Виталь с недоверием глядел на Антонио.

— Как вы можете обвинять меня в подобном преступлении? Неужели вы думаете, что в надежде заполучить палаццо, который я мог бы купить за свои деньги, я вдруг пожертвовал бы жизнью самого близкого друга? Синьор, вы просто убиваете меня!

Синьор Антонио внимательно выслушал его, как будто бы еще не приняв ничьей стороны.

— Но разве в этом доме нет синагоги? — вопросил один из священников, тот, что выше ростом и, судя по виду, старше.

У него были темные волосы с проседью и острые черты лица. Но в выражении лица не наблюдалось жестокости. — Разве там, в Ковчеге, не обнаружились свитки с вашей Торой?

— Все это там есть, это правда, — подтвердил Виталь. — И все это уже было там, когда я переехал. И всем известно, что вещи остались от иудея, который жил в доме раньше. Двадцать лет эти свитки пролежали под слоем пыли.

При этих словах синьор Антонио как будто пришел в сильное волнение. Однако ничего не сказал.

— И ты никогда не использовал найденные манускрипты, чтобы творить злые молитвы? — спросил второй священник, более робкий с виду, зато теперь дрожавший от плохо скрываемого возбуждения.

— Я могу признаться перед всеми, что не использовал свитков в своих молитвах, — проговорил Виталь. — Если говорить откровенно, то я скорее гуманист, поэт и врач, чем правоверный иудей. Простите меня, но я не молился над свитками. Я хожу в синагогу с друзьями на субботнюю молитву, вы знаете моих друзей, они известны всем, это уважаемые в городе люди.

— Ага, — произнес старший священник. — Значит, ты утверждаешь, что не произносил священных и благочестивых молитв над этими странными книгами, и нам следует считать их сакральными книгами иудеев, а вовсе не непонятными, нечестивыми свитками с заклинаниями и тайными знаниями?

— Ты отрицаешь, что совершал подобные преступления? — спросил второй священник.

— Почему вы меня обвиняете? — воскликнул Виталь. — Синьор Антонио, я люблю вас. Я люблю Никколо. Я люблю его будущую жену как родную сестру. Вы еще со времен Падуи стали для меня настоящей семьей.

Синьор Антонио был заметно тронут, однако держался невозмутимо, как будто выдвинутые обвинения требовали от него твердости духа.

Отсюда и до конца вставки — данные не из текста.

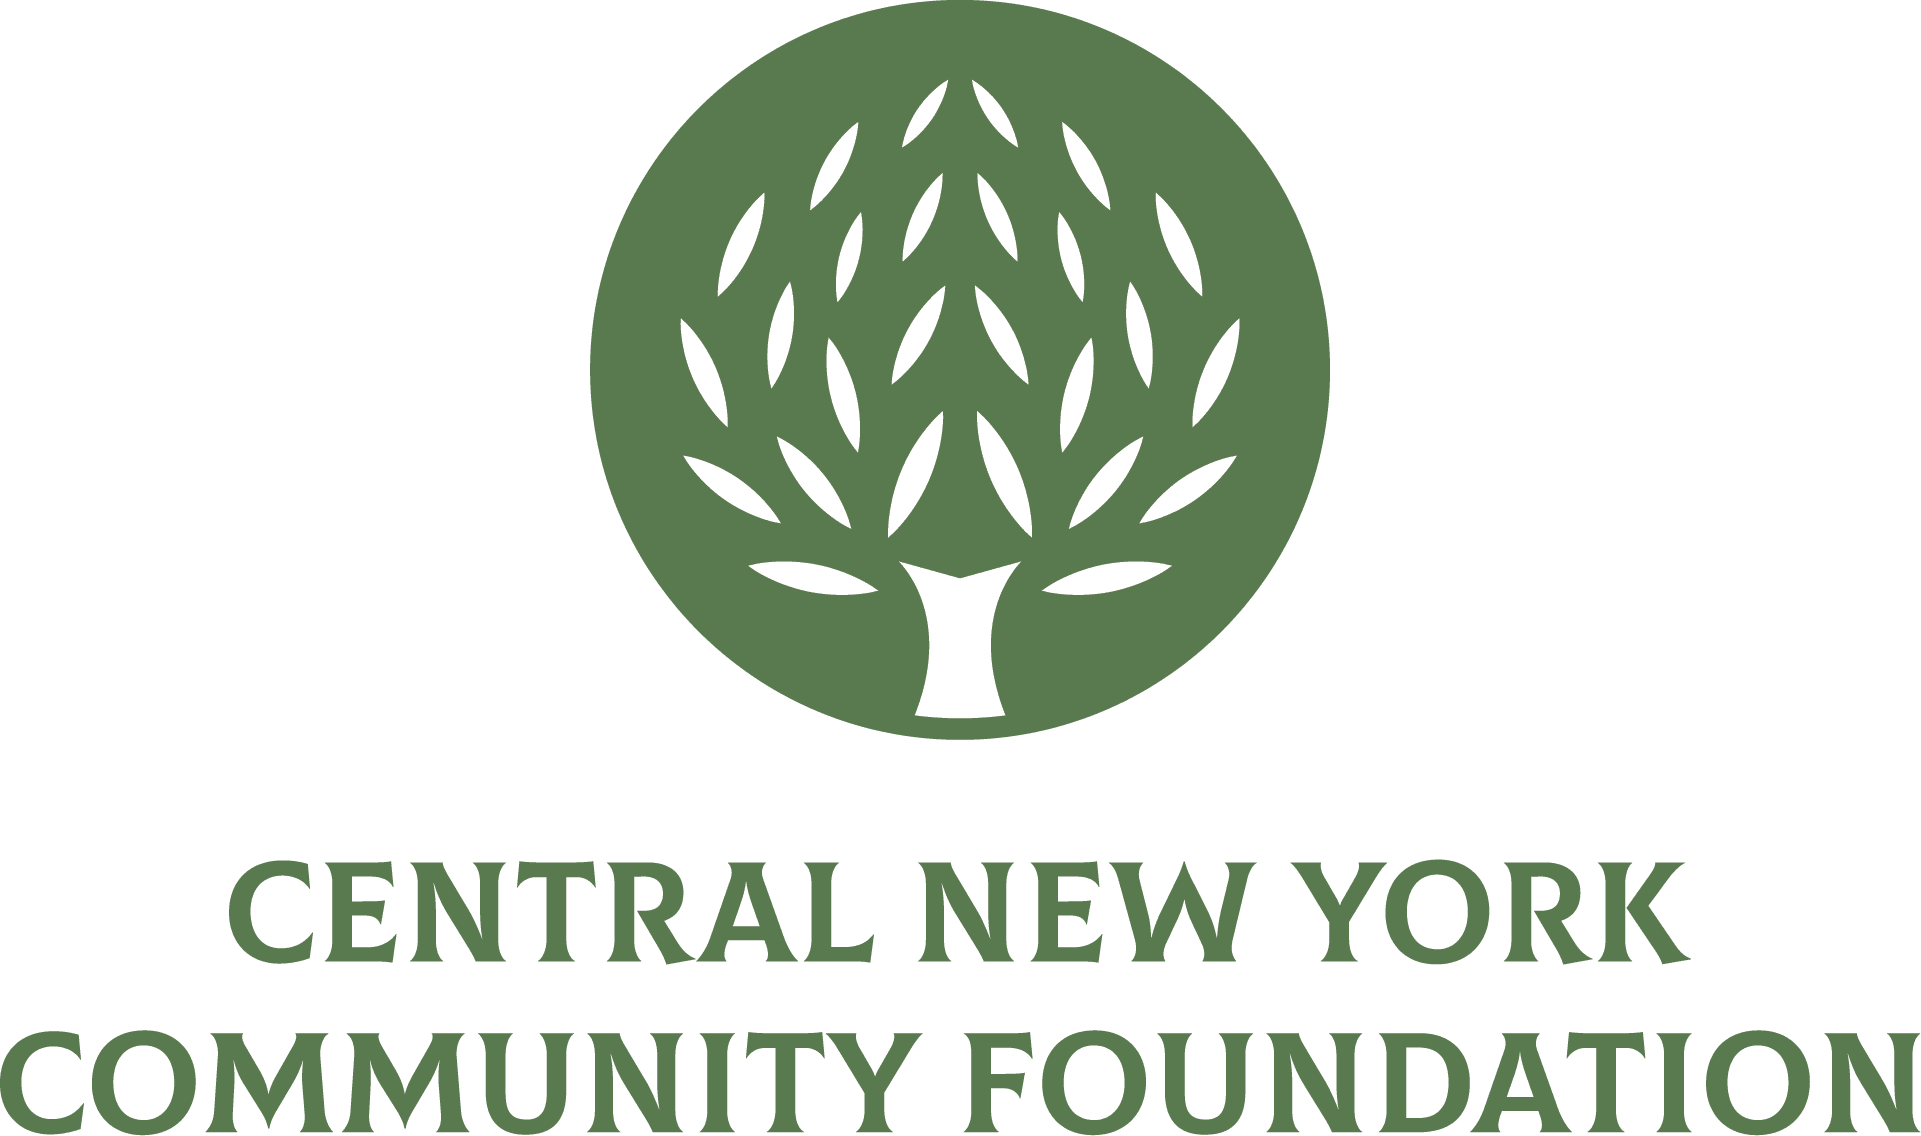 Central New York Community Foundation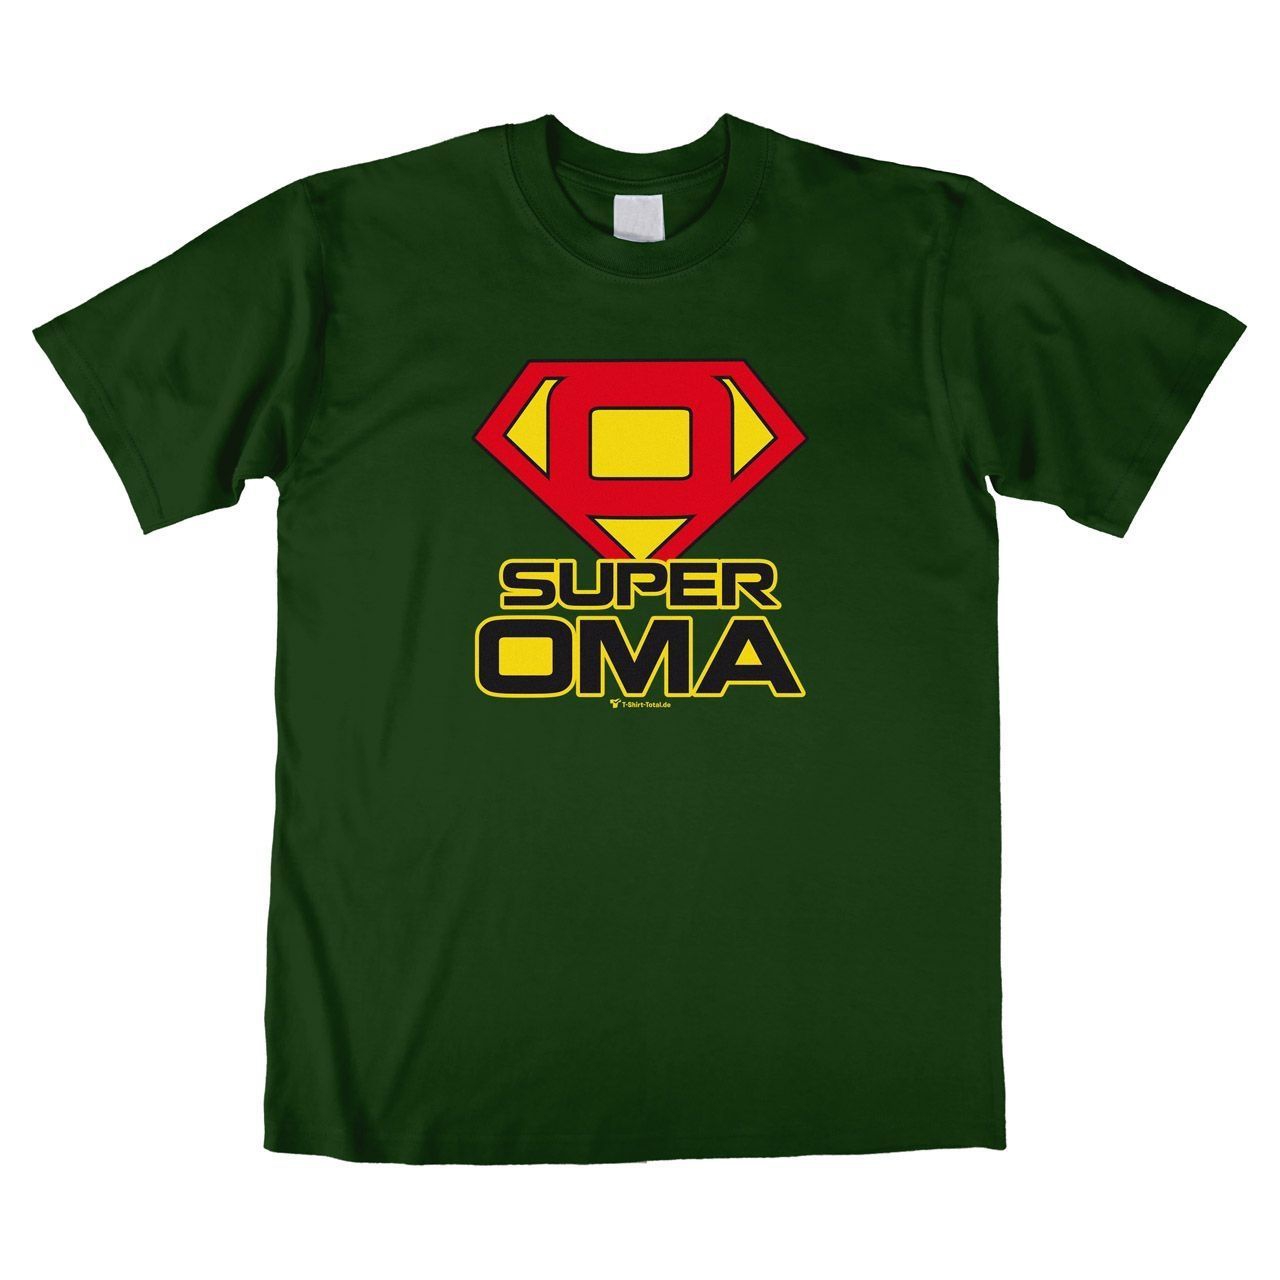 Super Oma Unisex T-Shirt dunkelgrün Medium

— Виталь, отвечай мне правду, — велел он. — Ты околдовал моего сына? Ты произносил над ним непонятные заклинания? Приносил ли ты клятвы врагу рода человеческого, предлагая ему смерть христианина с какой-то темной целью?

— Никогда, ни разу в жизни я не обращался к врагу ни с единым словом! — ответил Виталь.

— Тогда почему мой сын так ужасно болен? Почему он угасает день ото дня? Почему он так терзается и почему демон в эту самую минуту беснуется в твоем доме, как будто с нетерпением ожидая, когда ты исполнишь его мрачное поручение?

— Лодовико, это ты сделал? — спросил Виталь. — Ты убедил в подобных глупостях всех, кто пришел сейчас сюда?

— Позвольте мне сказать, — вмешался я. — Я для вас человек чужой, однако мне не чужды причины, вызвавшие хворь вашего сына.

— Но кто ты такой, чтобы мы выслушивали твое мнение? — спросил пожилой священник.

— Я путешествую по миру, изучаю естественные науки, растения и редкие цветы, даже яды, чтобы находить от них противоядие.

— Замолчи! — выкрикнул Лодовико. — Как ты смеешь вмешиваться в семейные дела! Отец, прикажи музыканту уйти. Он же просто прислужник Виталя.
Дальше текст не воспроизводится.